The report faulted the Ministry of Agriculture and Land Reclamation for its failure to offer guidance to farmers on climate change mitigation, despite other episodes of climate change hurting yields: another weather-induced dip had taken place just three years earlier.
In theory, farmers already have channels for governmental and international support. The sponsors of the Ismaila Mango Festival, for example, include not only Egyptian government agencies but also the United States Agency for International Development.
The Israeli Ministry of Agriculture and Rural Development has likewise provided financial assistance to producers of mangoes, with Turkish growers calling for the same. Even the United Nations has supported Kenya’s cultivators of mangoes as they battle climate change, a possible model for similar programs in Egypt, Israel, and Turkey and throughout the Middle East.

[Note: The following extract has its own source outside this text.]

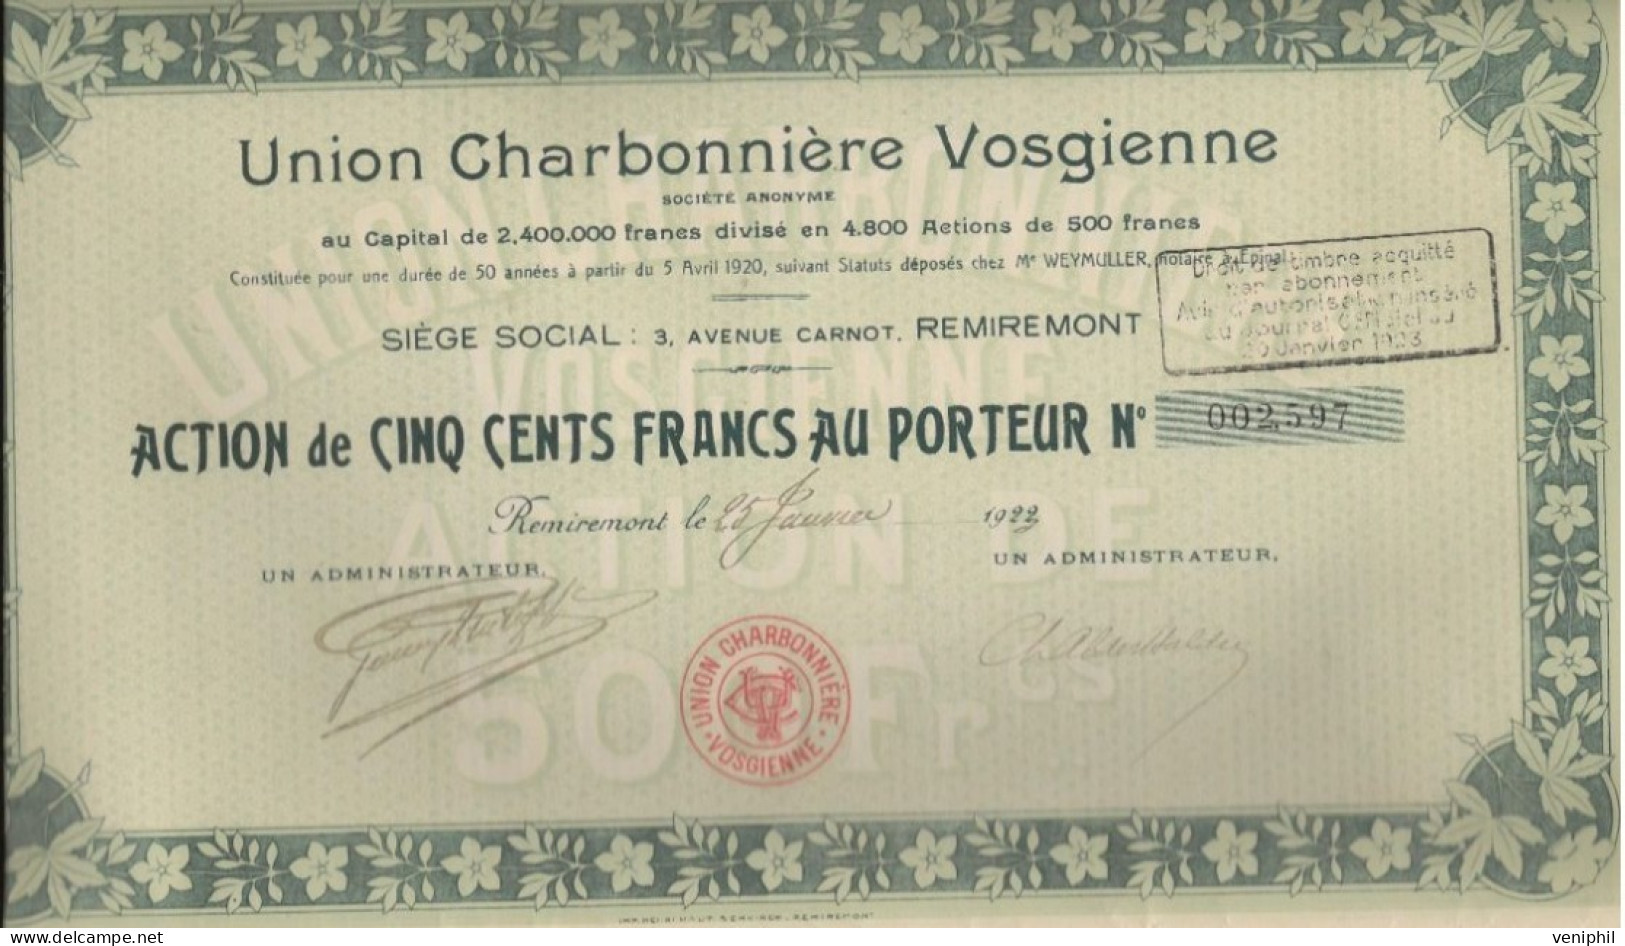 UNION CHARBONNIERE VOSGIENNE - LOT DE 4 ACTIONS DE CINQ CENT FRANCS -DIVISE EN 4800 ACTIONS - ANNEE 1922 - Miniere

Success, though, will likely demand greater coordination between farmers, governments, and aid agencies.
As enthusiasm for mangoes spreads farther afield, opportunities to collaborate on protecting the fruit’s future may grow.
In 2016, Pakistan’s ambassador to Morocco sponsored a mango-themed festival that visited Agadir, Casablanca, Marrakesh, and Rabat, announcing, “For the first time ever, the Pakistani mango has been brought to the Moroccan people.” In Morocco’s neighbour Algeria, a farmer earned his own headlines and the attention of the National Chamber of Agriculture for attempting to cultivate mangoes in the country’s parched south.
Preserving the Middle East’s mangoes will require this kind of innovation as well as cooperation. And while mangoes’ future remains in question amid extreme weather and the acceleration of climate change, there can be no doubt about the region’s commitment to the fruit.